OAKLAND — A Fairfield man was ordered to stand trial on charges that he murdered a 48-year-old Oakland man in a July 2021 fatal shooting, in a case based in part on a Mercedes Benz with a missing emblem.
LaTrail White, 27, faces charges of murdering Travis Ward in the morning drive-by shooting. At his late April preliminary hearing, Oakland police testified that phone GPS records placed White in the area of the homicide and that two weeks later he was arrested in Berkeley while driving a distinctive car that matched surveillance video of the shooting.
Ward was shot and killed around 9 a.m. on July 24, 2021, in the 1600 block of Foothill Boulevard. Police say a Mercedes Benz with a distinctive emblem pulled up next to him and shot him in the chest, buttocks and hip.
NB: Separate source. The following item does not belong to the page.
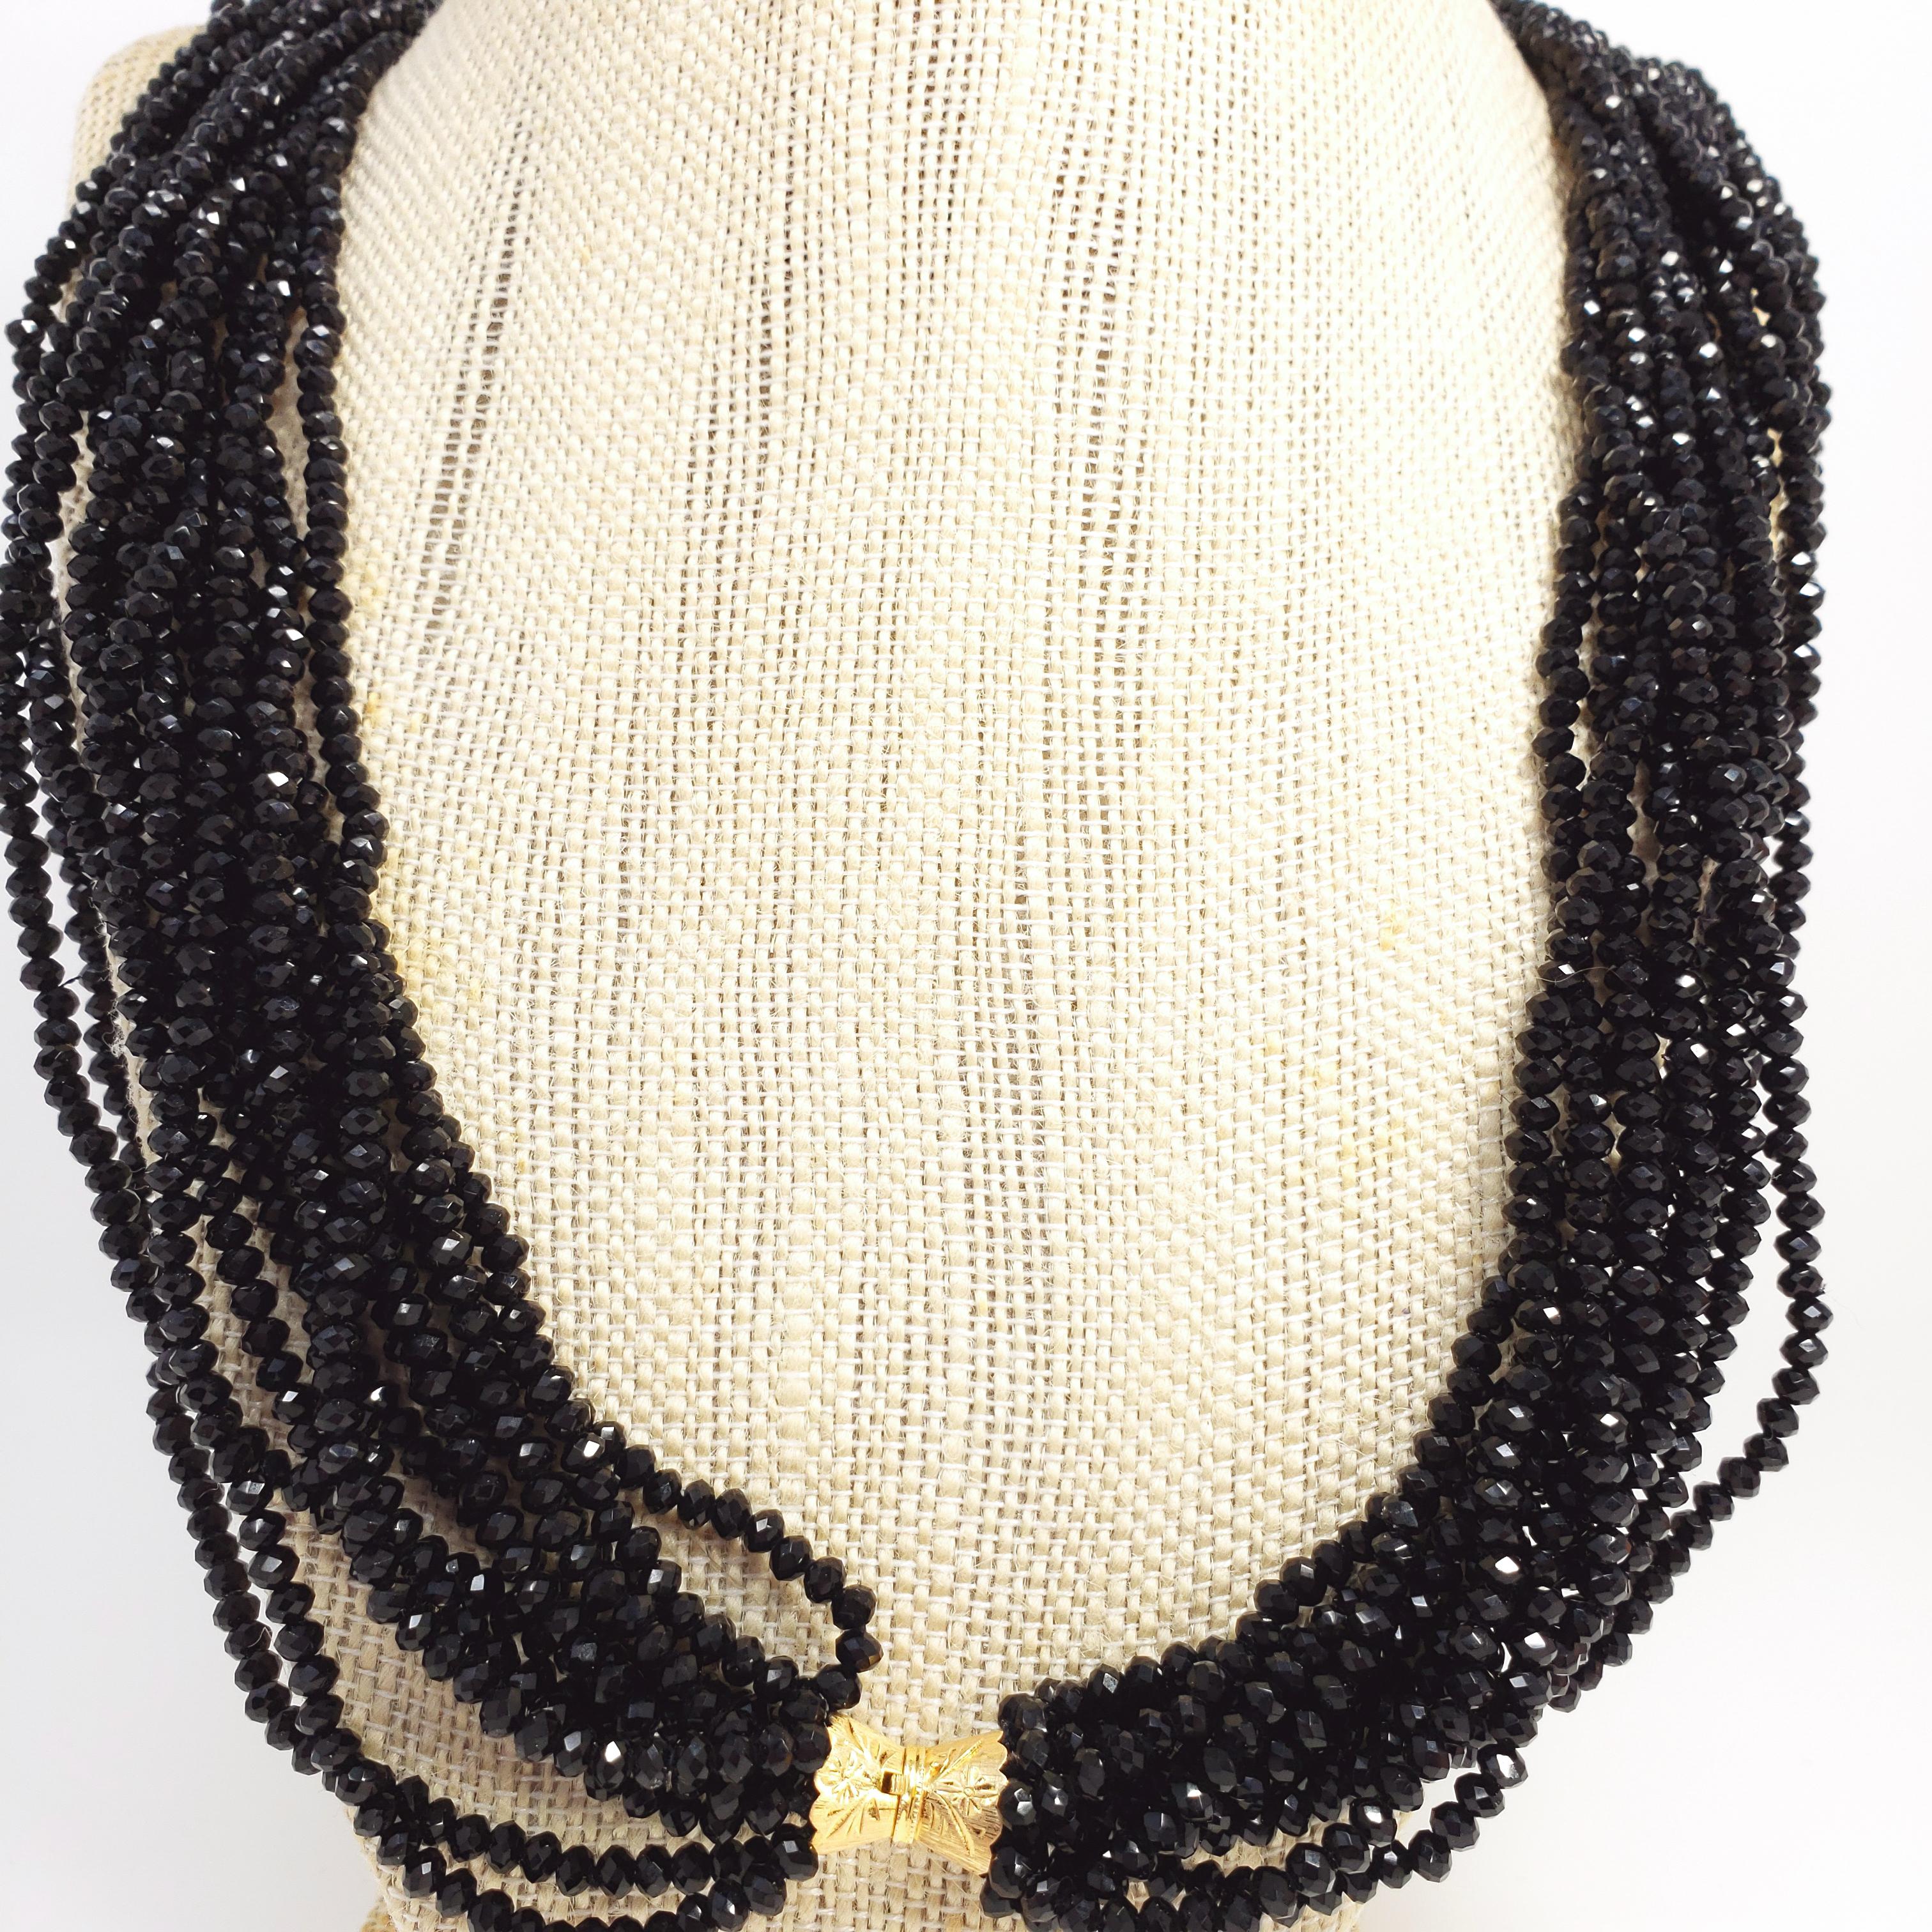 Diese elegante Halskette besteht aus 12 Strängen funkelnder schwarzer Glasspinellperlen, die mit einem Verschluss aus 14-karätigem Gelbgold verbunden sind. Ein luxuriöses Accessoire!

Punzierungen: 14K, 585
Stilisierter goldener Kastenverschluss,

Two weeks later, Contra Costa Sheriff’s deputies pulled over White at the Gilman Street offramp of Interstate 80 in Berkeley, in a similar-looking Mercedes with a missing emblem. They also found an AR-10-style rifle and arrested him on suspicion of being a felon in possession of a firearm, court records show.
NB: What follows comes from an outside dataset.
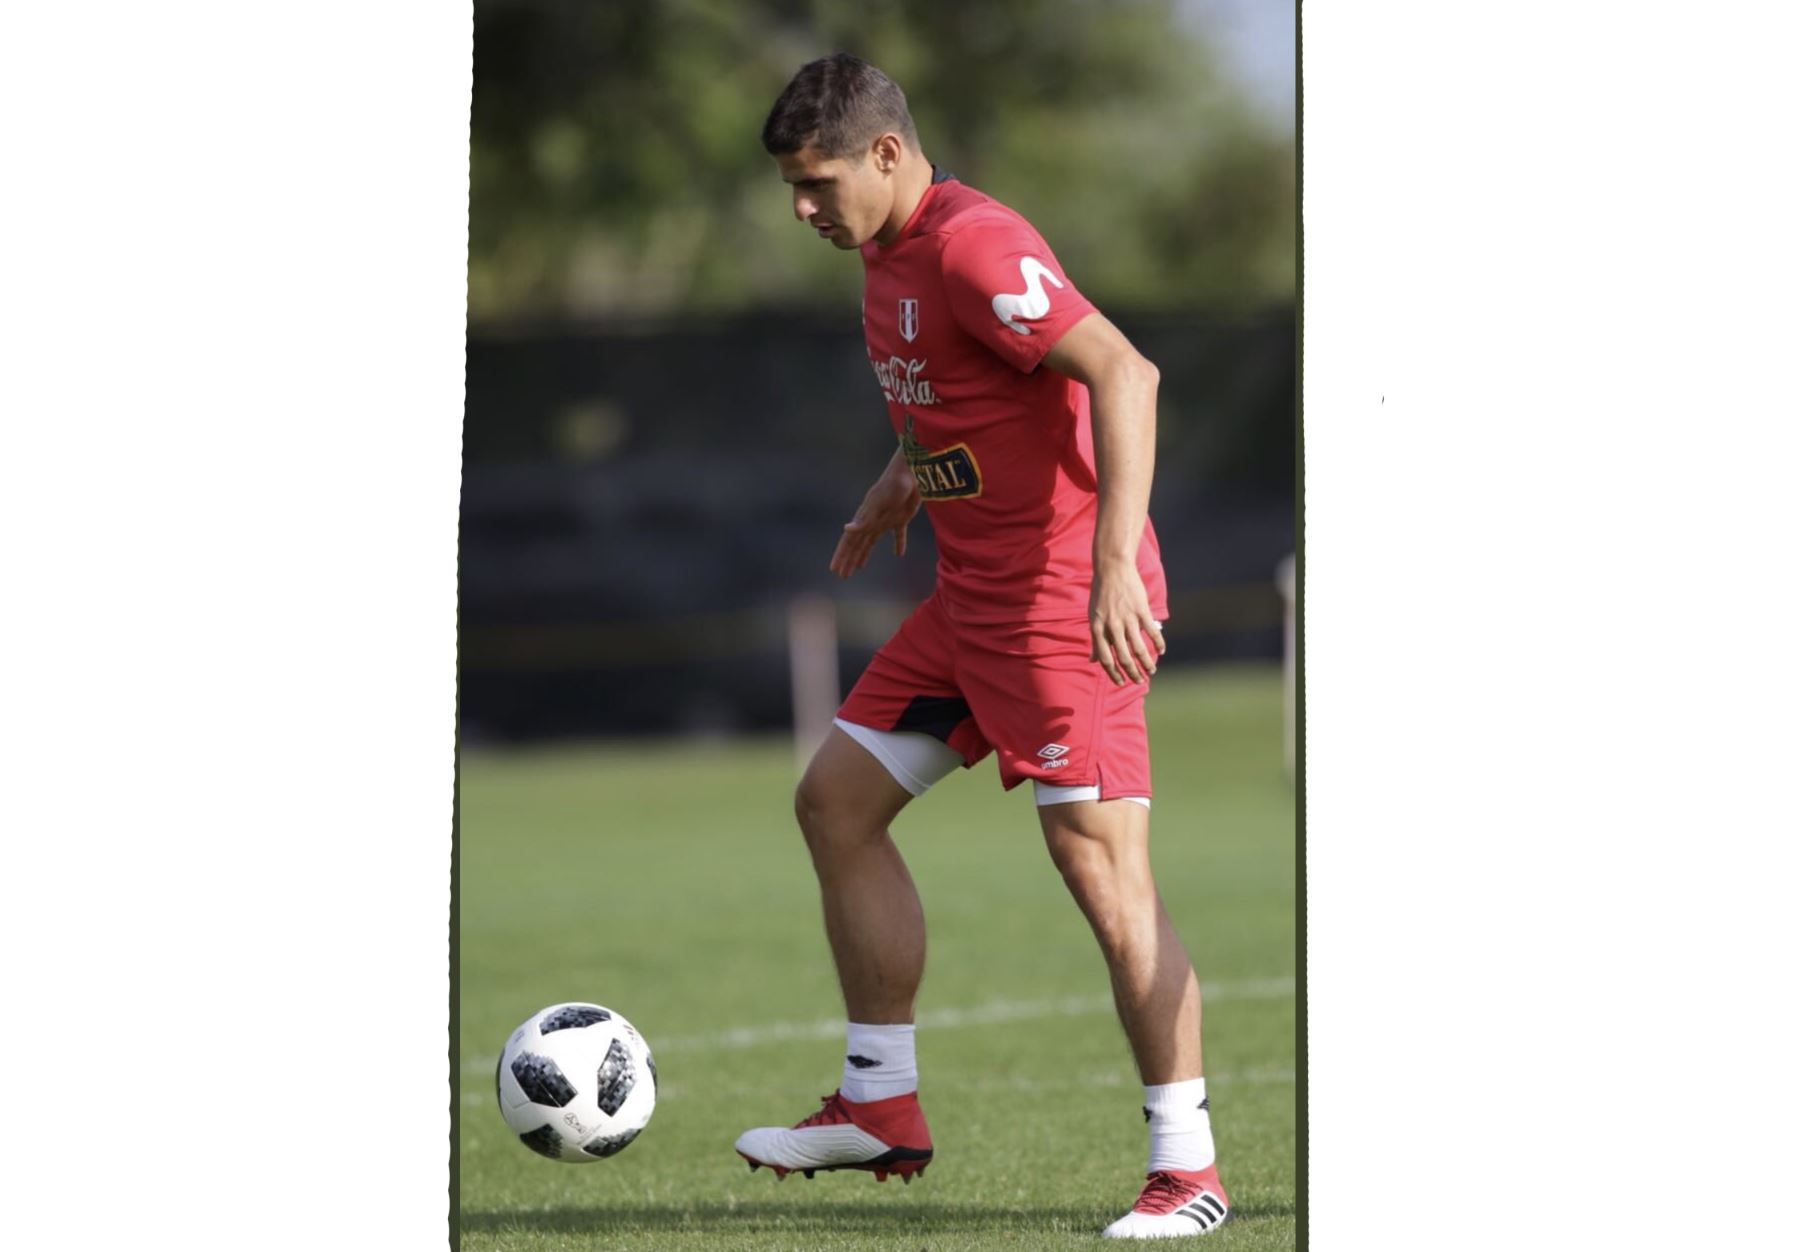 La selección peruana realizó su entrenamiento en Fort Lauderdale, Miami, bajo las órdenes del técnico Ricardo Gareca. Foto: ANDINA/Twiter FPF.

Police didn’t address the suspected motive for Ward’s killing, but they said they investigated other suspects, including another man who they say was in the area shortly before the shooting.
Ernie Castillo, a Bay Area defense attorney representing White, filed a motion to dismiss the case on June 27. A judge has yet to rule on it. Castillo argued at the preliminary hearing that the case against White lacks firm evidence, noting two eyewitnesses failed to identify White as the shooter.
“I think this entire case is built on speculation,” Castillo said.
Alameda County Deputy District Attorney John Brouhard, who is prosecuting the case, convinced Judge Michael Gaffey to order White to stand trial.
“What Mr. Castillo calls speculation, I call inferences that are permitted by the circumstantial evidence,” Brouhard said, according to the hearing transcript.
At the hearing, Oakland police Det. Michael Jaeger testified that White was interviewed and denied being in the area. He also claimed the phone he was found with belonged to someone else, and police found a person with that name lived nearby the shooting scene, court records show.
A trial date has not yet been set. White remains in jail on a no-bail hold.